SOURCE DATA –
>>>>>

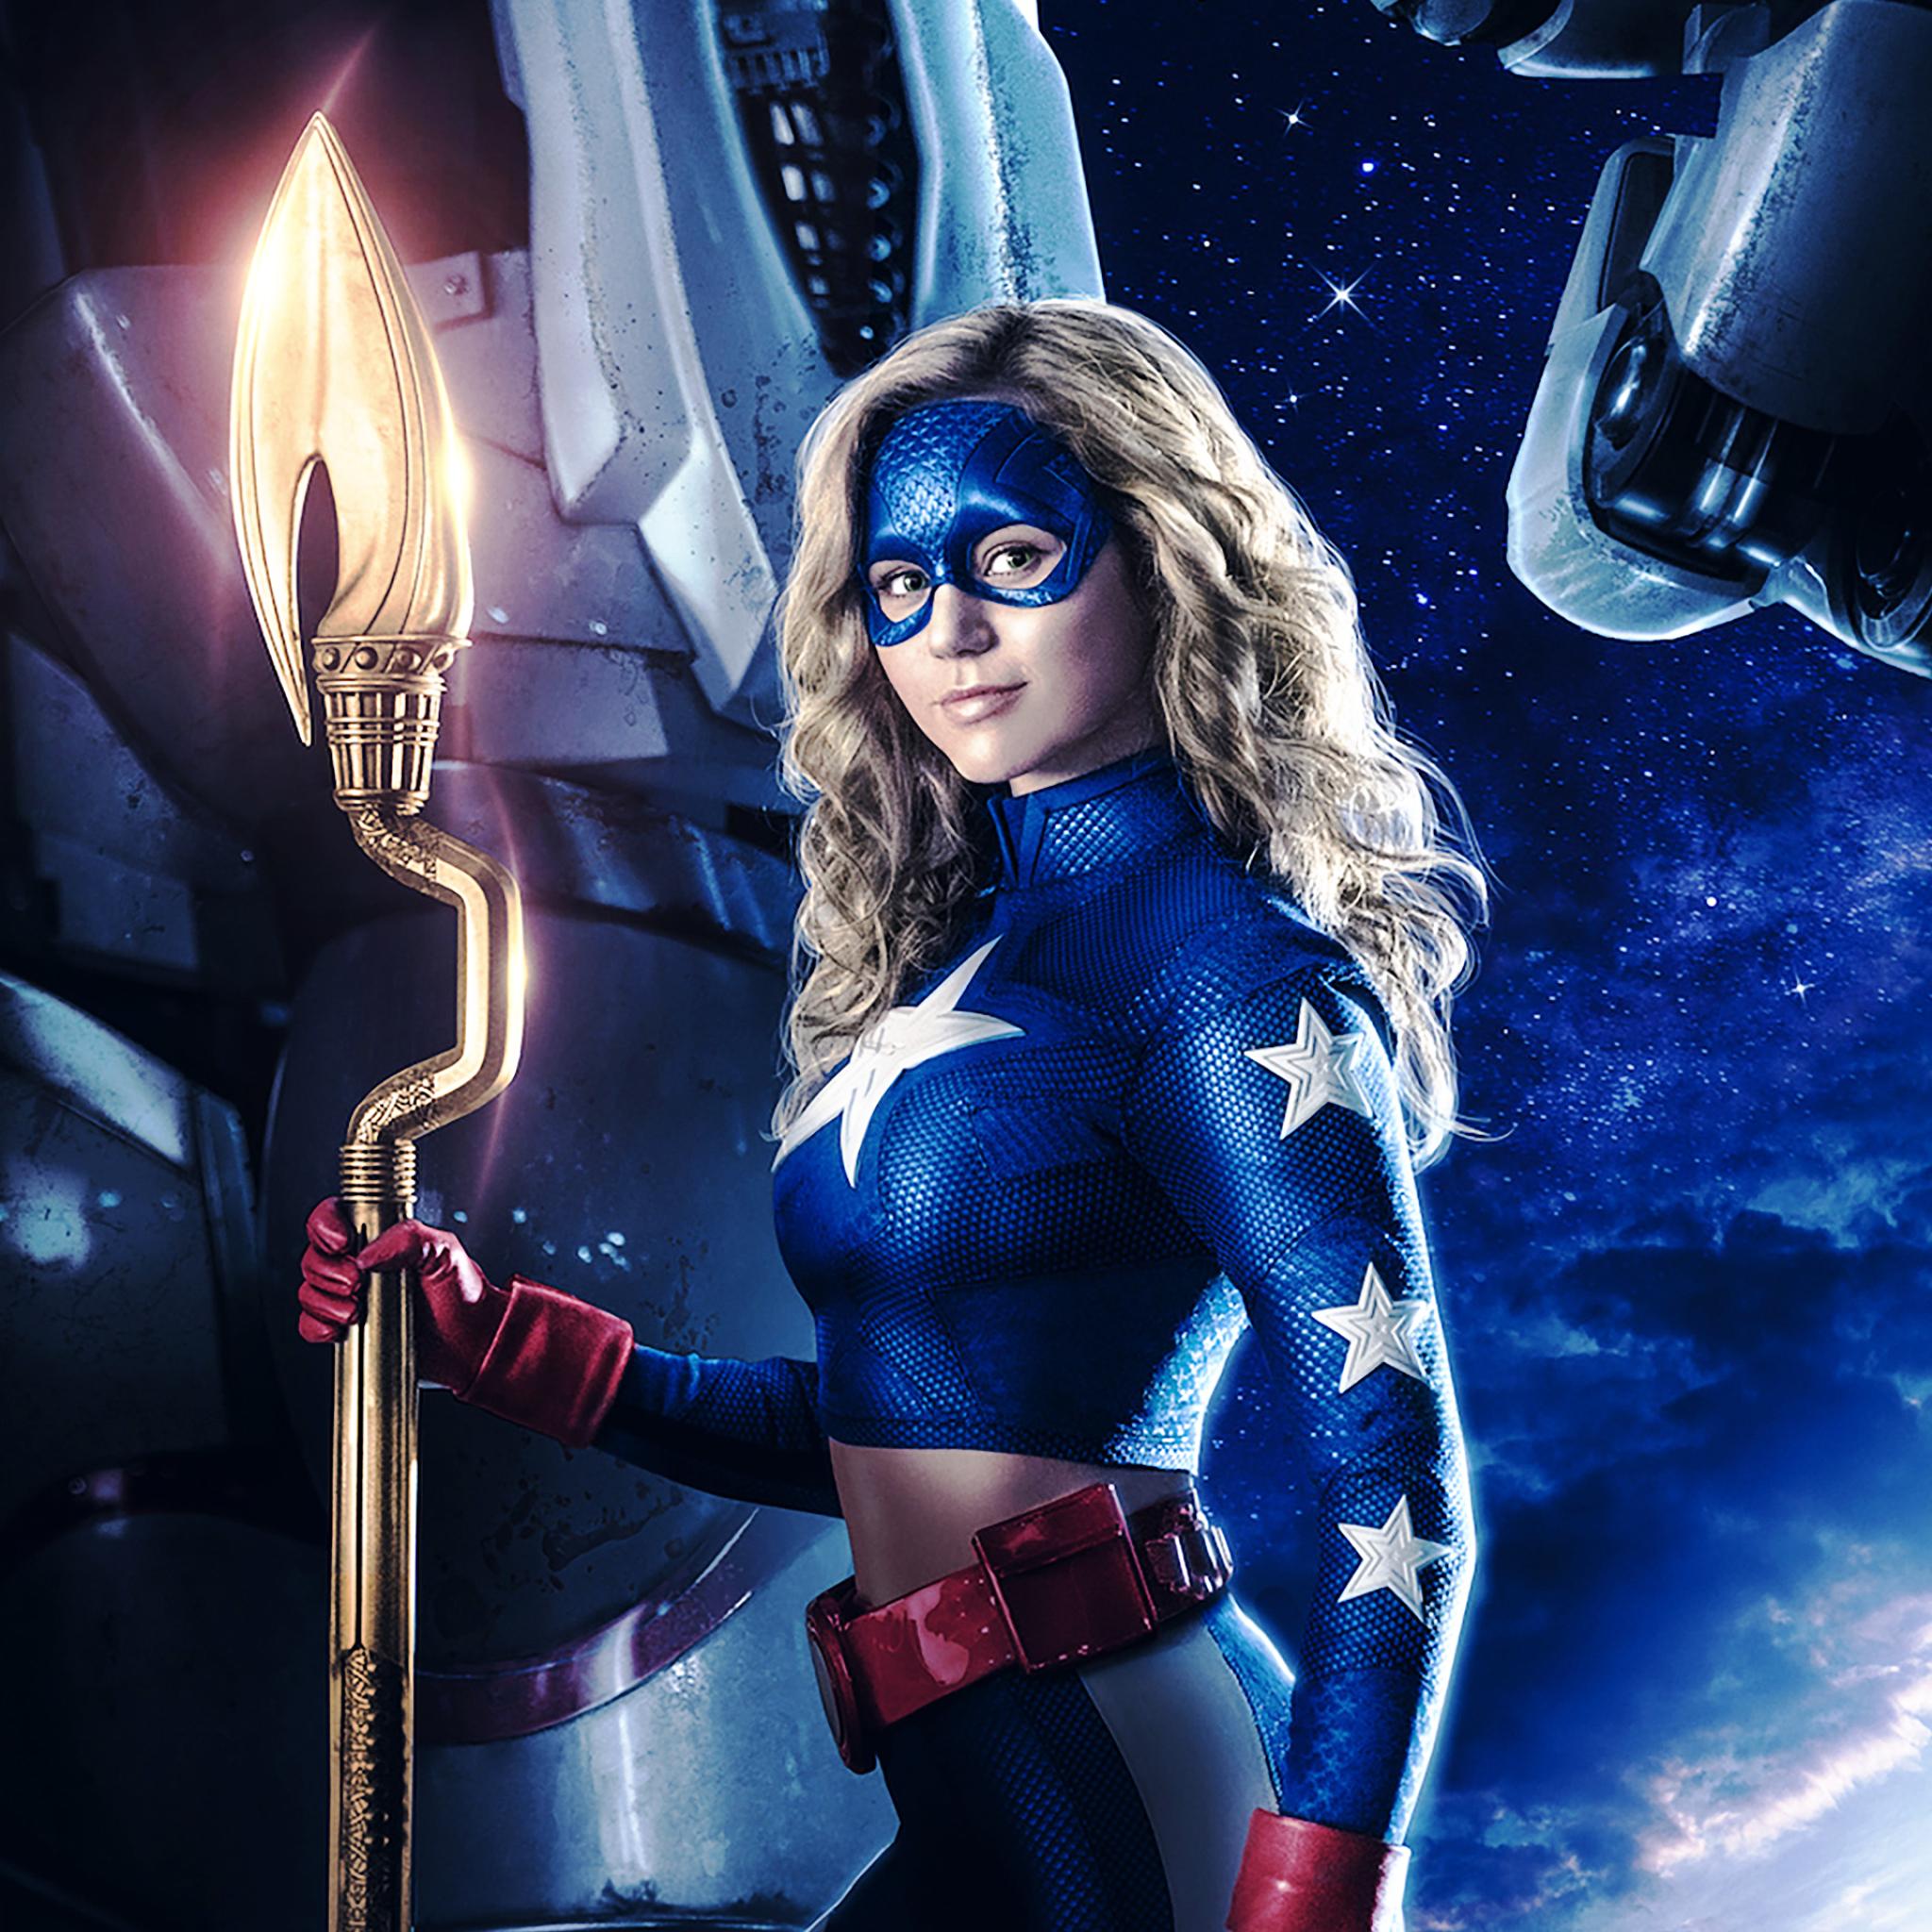 2048x2048 Stargirl DC Universe Ipad Air Wallpaper HD TV Series 4K 2048x2048
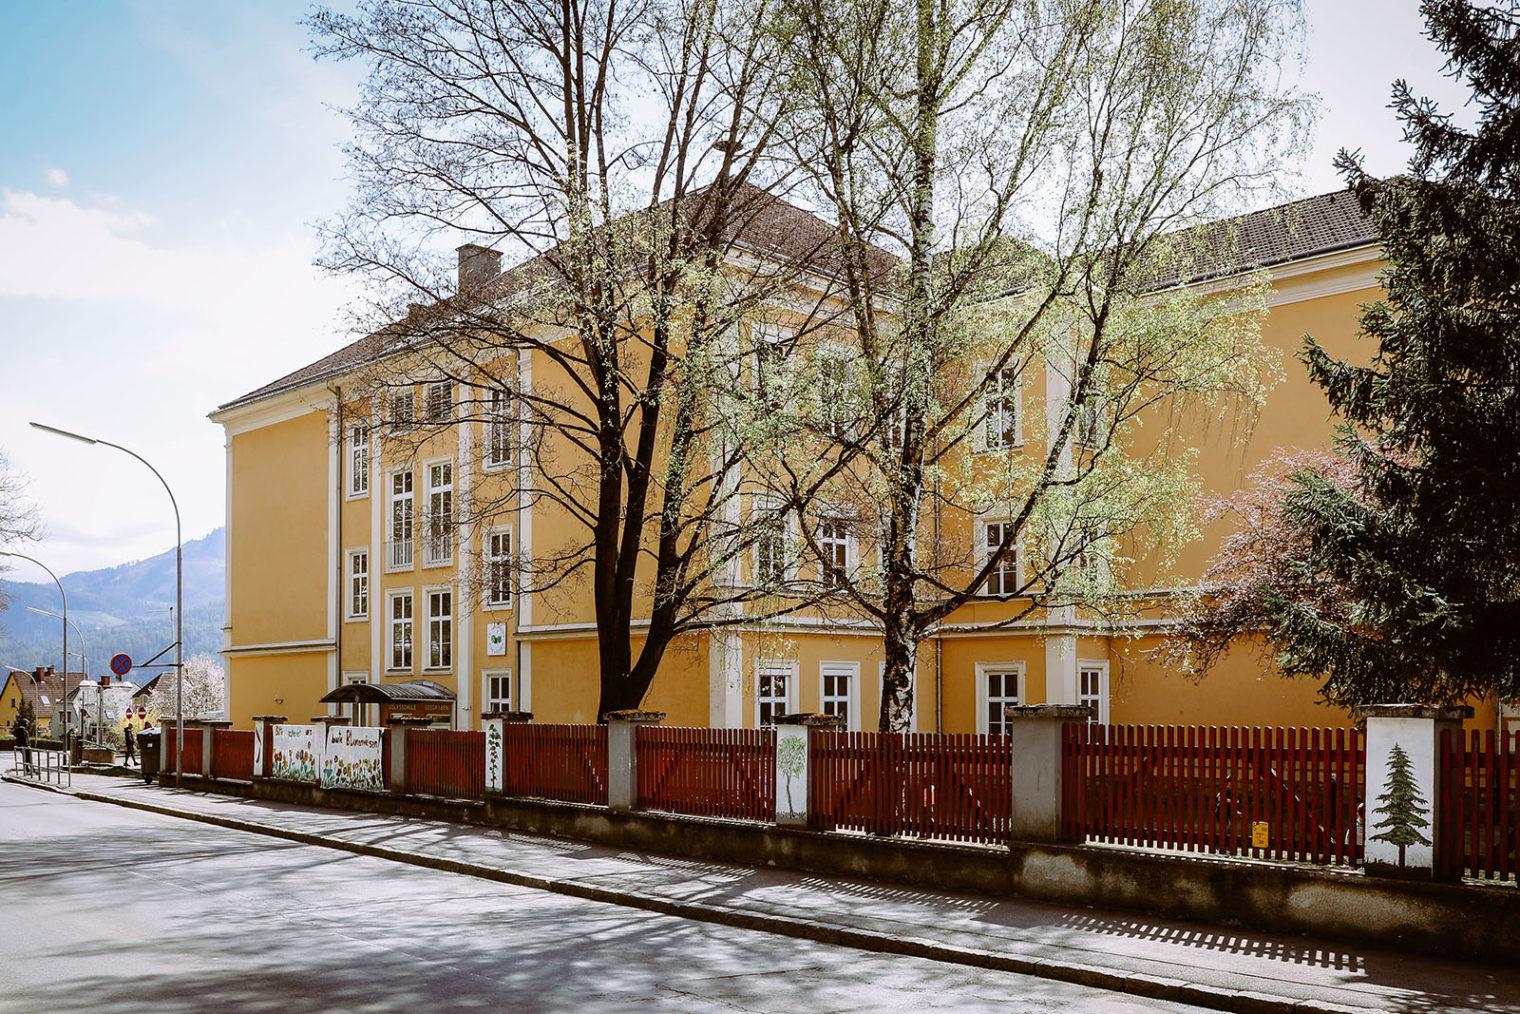 Außenaufnahme der Volksschule Leoben Seegraben
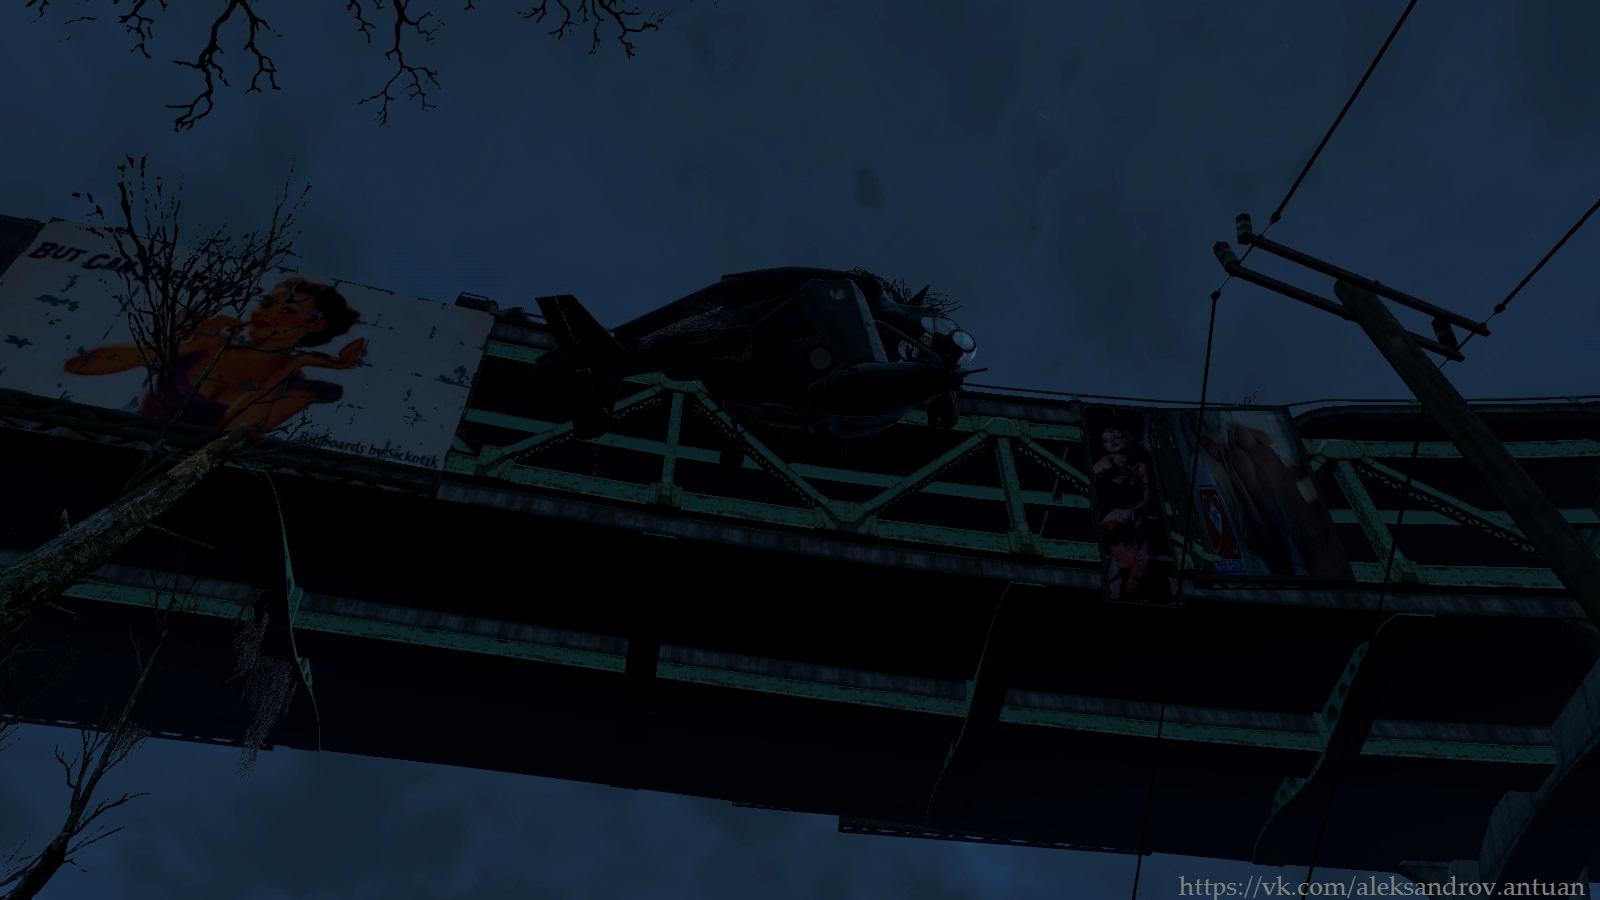 Винтокрыл на эстакаде ... - Fallout 4 винтокрыл

<<<<<

EXERCISE BRIEF – The answer must be the data above, repeated exactly, with no pictures.

RESPONSE AREA –
 2048x2048 Stargirl DC Universe Ipad Air Wallpaper HD TV Series 4K 2048x2048
 Außenaufnahme der Volksschule Leoben Seegraben
 Винтокрыл на эстакаде ... - Fallout 4 винтокрыл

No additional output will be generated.